Why do cryptocurrencies need proof-of-work?
Cryptocurrencies allow anyone to anonymously produce blocks and extend their currency ledger. This is fundamental to their ability to escape regulation and government controls; stopping a cryptocurrency will be incredibly difficult if anyone with a computer can anonymously produce a block.
This "open door" philosophy raises an obvious challenge: if anyone can extend the ledger, what would stop the blockchain from growing at a rate equal to the amount of people attempting to extend it? This is especially true considering that the production of a new block (akin to a new page of a ledger) is rewarded handsomely (bitcoin currently offers 12.5 BTC, which is worth USD$235,000 at the time of writing).
Cryptocurrencies needed a rate-limiting solution; a way to reduce the speed at which the ledger can be extended. Proof-of-work is the solution to this rate-limiting problem. It requires each extension of the ledger (block) to have a "proof-of-work" which gets more difficult as production capacity increases. In fact, proof-of-work ensures that the production of a new block is so difficult that the entire applied computing capacity of the world (universe, even) cannot produce more than one block each ten minutes.
What is a proof-of-work?
A proof-of-work is exactly as it sounds: a proof that some amount of work was done.

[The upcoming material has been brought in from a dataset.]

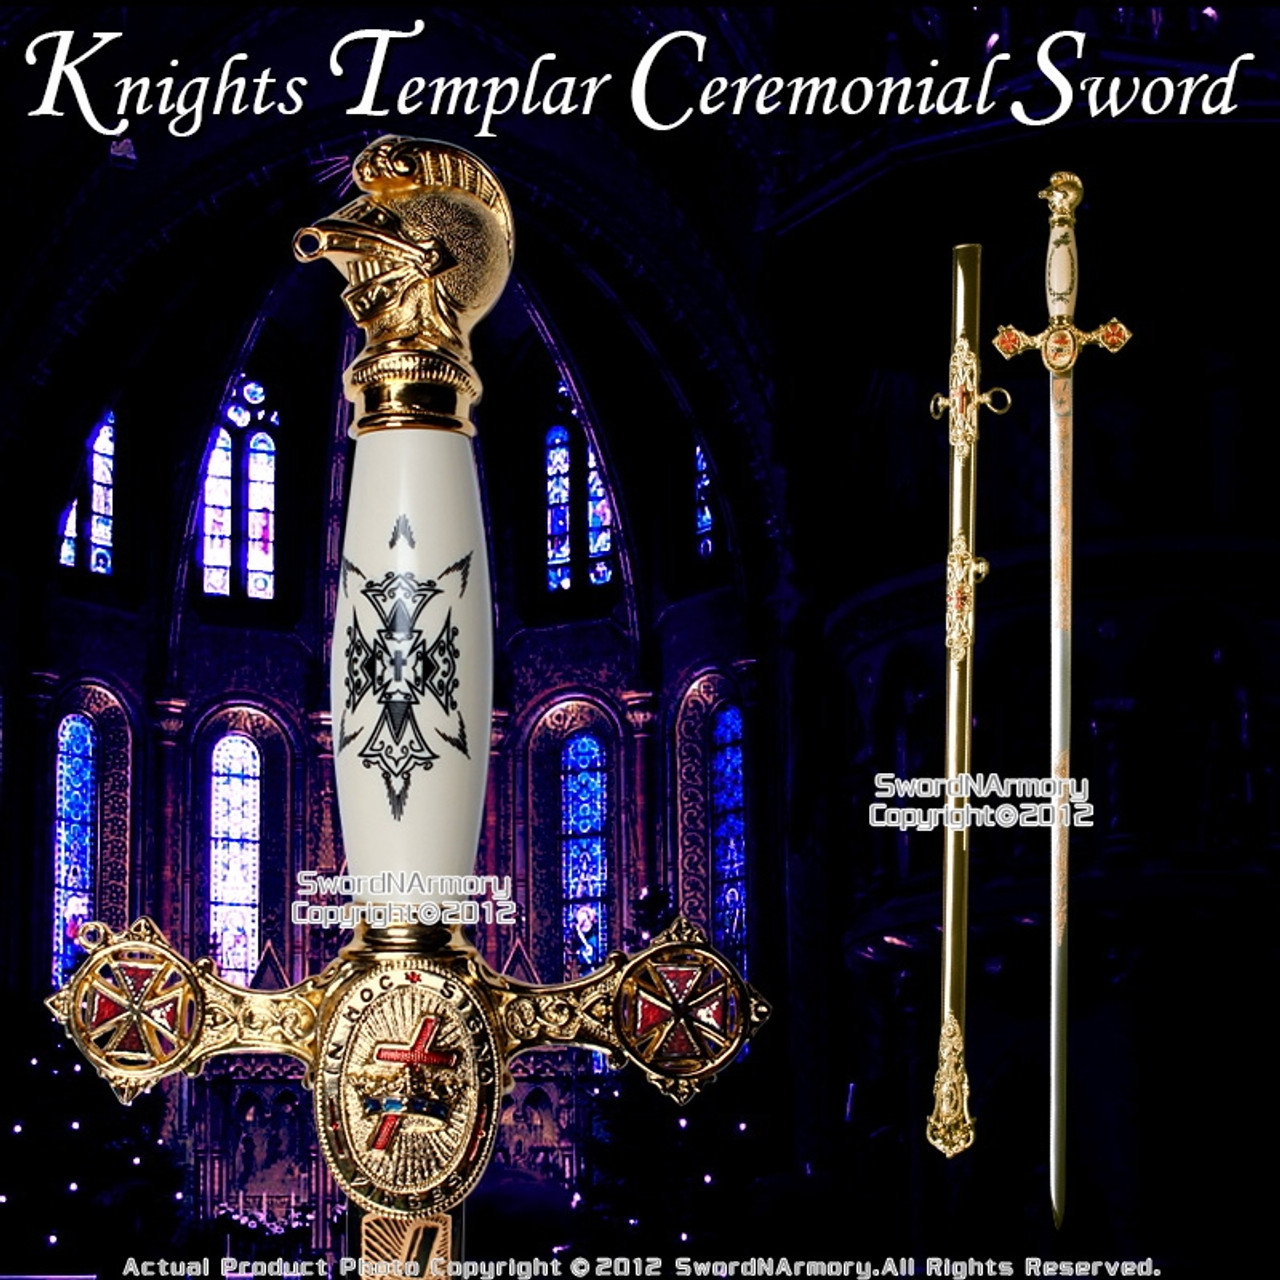 Knights Templar Freemason Masonic Ceremonial Sword Gold Regalia 3 Blade  Lengths

A large hole in the ground could serve as an easily-verifiable proof-of-digging and a chalkboard full of words serves as a proof-of-writing. Both of those activities required "work", so they're each a proof-of-work.
As cryptocurrencies are computer protocols, a proof of computational work is required. Like the other examples, the proof needs to be "hard" to generate and "easy" to validate. Such a proof scheme was first described by Dwork and Naor (1992) to address email spam. This proof scheme has two major properties, both of which we will explain in this section; it is probabilistic and it uses cryptographic hashing algorithms.
What is a probabilistic proof-of-work?
To explain a probabilistic proof-of-work we will use an analogy:
There is a black box with a button and a screen. When the button is pressed, a random number between 1
and 100
is displayed on the screen. A validator, Alice, hands the box to a worker, Bob, and stipulates that he may only return the box when it displays a 1
or 2
. Given there is a 1
in 50
chance of any button press resulting in a number in this range, Alice could assert that Bob probably had to press the button fifty times for the box to display a 1
or 2
.
In the analogy, the number on the screen is an easily verifiable proof that Bob has probably done button-pushing work and the difficulty of that work was defined by Alice's range of acceptable numbers. If Alice were to accept any number between 1
and 25
, Bob would only need to press the button four times (on average) and the task would be less difficult.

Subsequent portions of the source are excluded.